I'm very very glad and happy for both of you that this is on the table now...not because i want you to suffer, but because the suffering you'd have in the future would almost certainly be far greater...

as jorja says, its up to you...but the folks here know the drill...

Kirsty_D
03-14-2012, 08:51 AM
"Sorry Darling, I'll never do it again, I'll never woman's clothes again" is a promise no transexual can ever keep.

Maybe a few years, I lasted 4 years at one point, but by then the static in my head, the desire to dress was killing me…

You face the same dilemma most transexual's have, wanting the woman you love while becoming the woman you need to be.

sandra-leigh
03-14-2012, 09:07 AM
Your best bet would be to see a gender therapist and try to figure out what you really want, before you commit to a relationship that sounds doomed from the start.

Hear! Hear!

Do you like living as a woman, or do you need to live as a woman? Do you put the woman away when she is inconvenient, or do you find yourself papering a male existence over-top of the female one that is always with you?

e.g., 5-ish years ago, I was in another city for my grandmother's funeral (and I loved her.) I could have stayed at her house (where I have often stayed before), but I made some excuse about getting in the way and stayed at a motel a couple of blocks away, because I couldn't put my female side away enough... especially not at a time of stress like that.

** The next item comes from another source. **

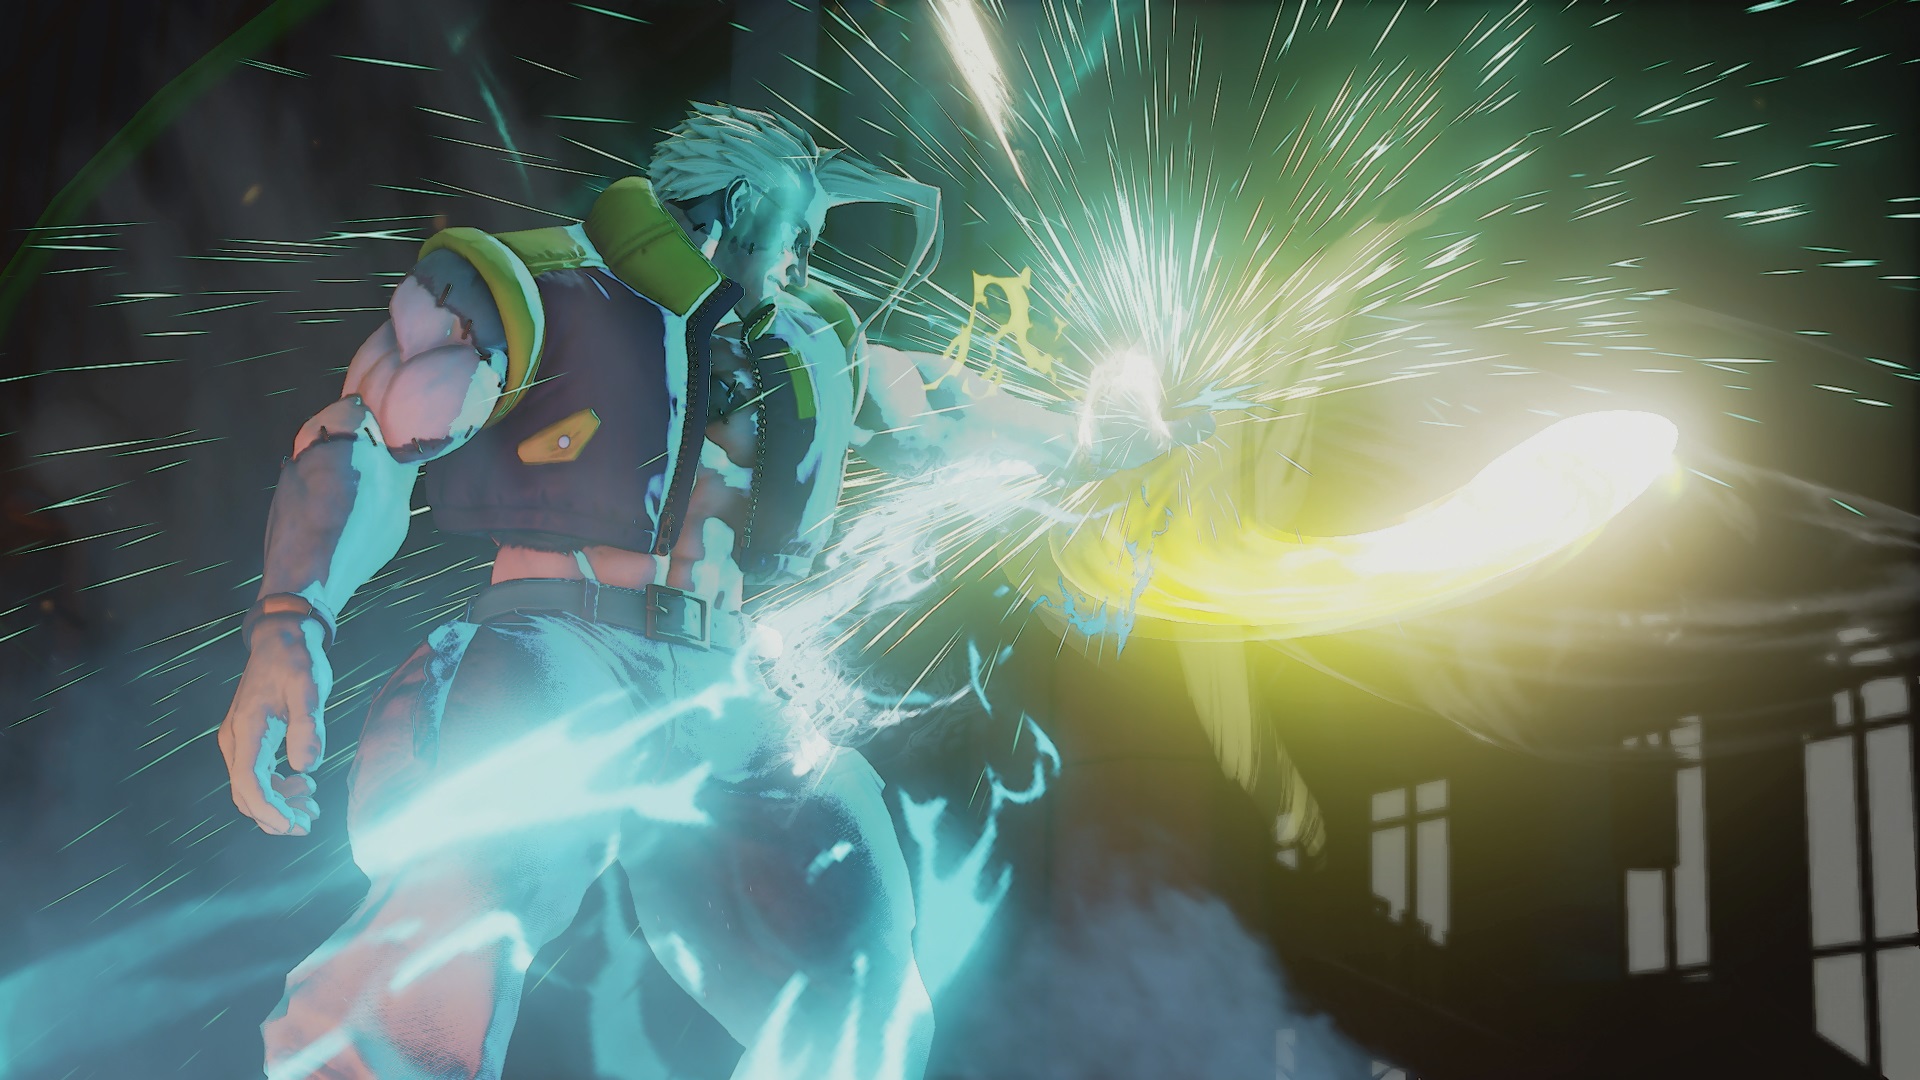 Street Fighter V - A Shadow Falls (Cinematic Story Expansion) Featured Screenshot #1

I had some fun the first few times I went out semi-dressed (not even well), but after less than half a dozen outings, I realized that I needed it. Still it was a couple of years before my understanding went from "I need this" to "I am transgendered."

JohnH
03-14-2012, 10:13 AM
You don't want to change horses mid-stream.



I really don't know what to do when I am not in female form I'm just down right depressed because I don't feel like I belong in the male body I truly feel I was meant to be a female.


You appear to have a worse case of gender dysphoria than I do. I feel OK presenting primarily mostly as a male but there are times when I want to be en femme. I have never promised to my wife to put away my feminine urges since we both realise it is impossible to do that.

You cannot bury the urge to at least present as a woman. It would not be fair for you to make a promise that you would present only as a male for the rest of the marriage and then break the promise or be severely depressed.

It looks as if you need to go through with your transition first with several months of HRT or get your breast implants and then if you and your fiance are still interested in getting married then do so. And if she does not want to marry you, you might form another romantic relationship and take it from there.

Our point as members of this forum is that if you are transgendered you cannot put away your urges to be feminine.
Please get counseling before making any difficult decisions.

In my case, I got married and then I decided to go on hormones with my wife's suggestion. I have no plans for SRS, but she did tell me she would stay with me if I had that done.

Johanna

Miranda-E
03-14-2012, 10:19 AM
Hello everyone I am presented with some difficult choices I really enjoy the living as a woman I dress the part everyday I go out like it Etc, I am honestly thinking i want to pursue breast implants or hormones. My only problem is I love my Fiance she told me that if i go through with them then she is not sure how she will feel I love her so much I will not go through with this at all even if it means i stay unhappy.
I really don't know what to do when I am not in female form I'm just down right depressed because I don't feel like I belong in the male body I truly feel I was meant to be a female.
What do i do or who can help us?
Yes i know i thank my wife but the wedding was called off and i never changed it because im hoping one day she will still take my last name.

No one is worth destroying yourself for.